> **Problem to solve**:
Please retype the listing below exactly as it stands, skipping any pictures.

> **Supplied data**:
=======

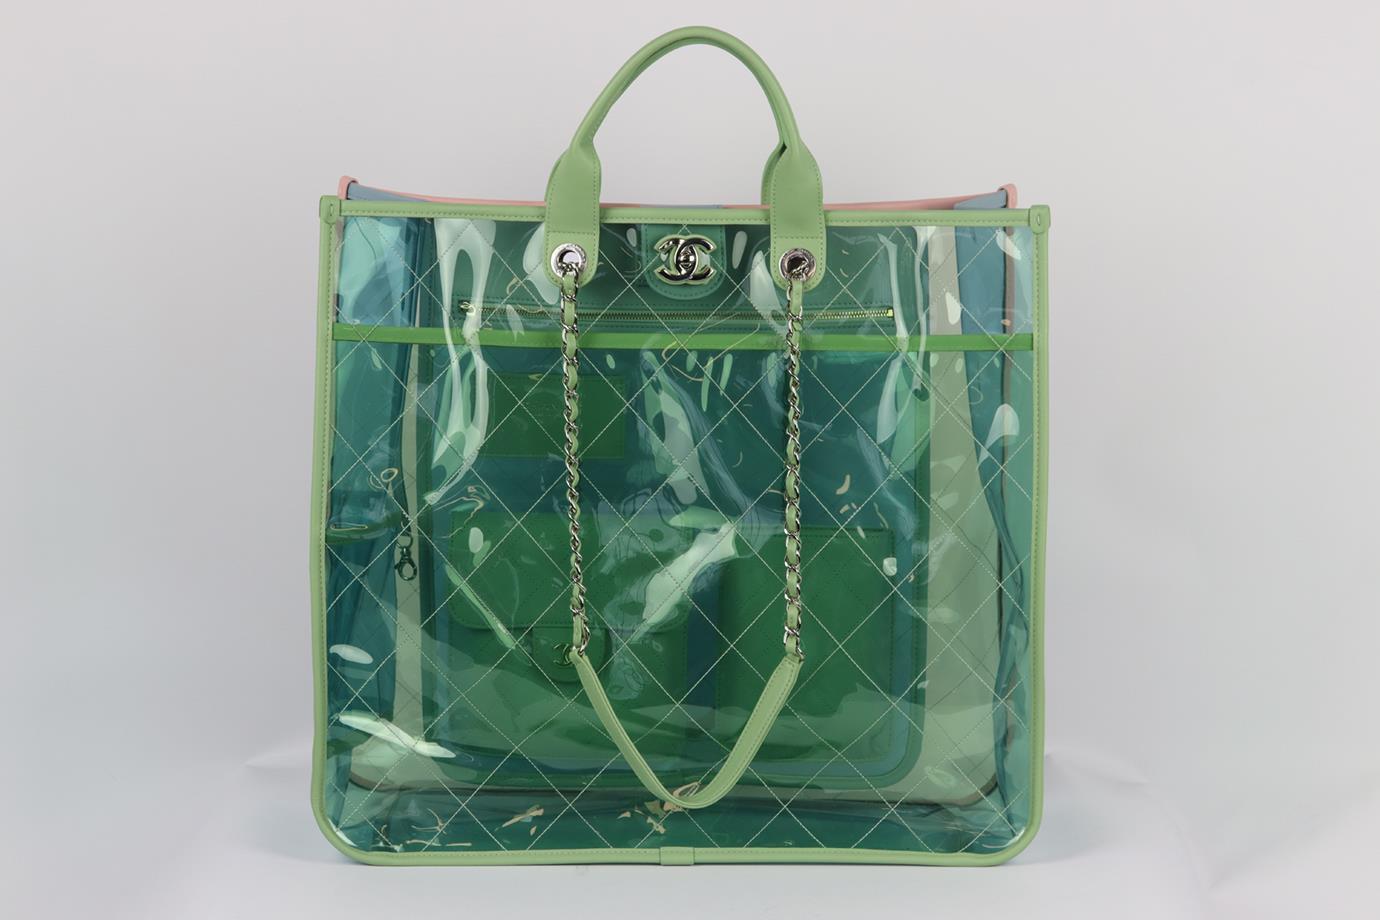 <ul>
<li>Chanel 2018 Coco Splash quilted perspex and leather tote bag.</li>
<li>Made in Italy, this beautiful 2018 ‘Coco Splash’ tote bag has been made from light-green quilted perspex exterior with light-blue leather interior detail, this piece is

=======

> **Task result**:
 <ul>
<li>Chanel 2018 Coco Splash quilted perspex and leather tote bag.</li>
<li>Made in Italy, this beautiful 2018 ‘Coco Splash’ tote bag has been made from light-green quilted perspex exterior with light-blue leather interior detail, this piece is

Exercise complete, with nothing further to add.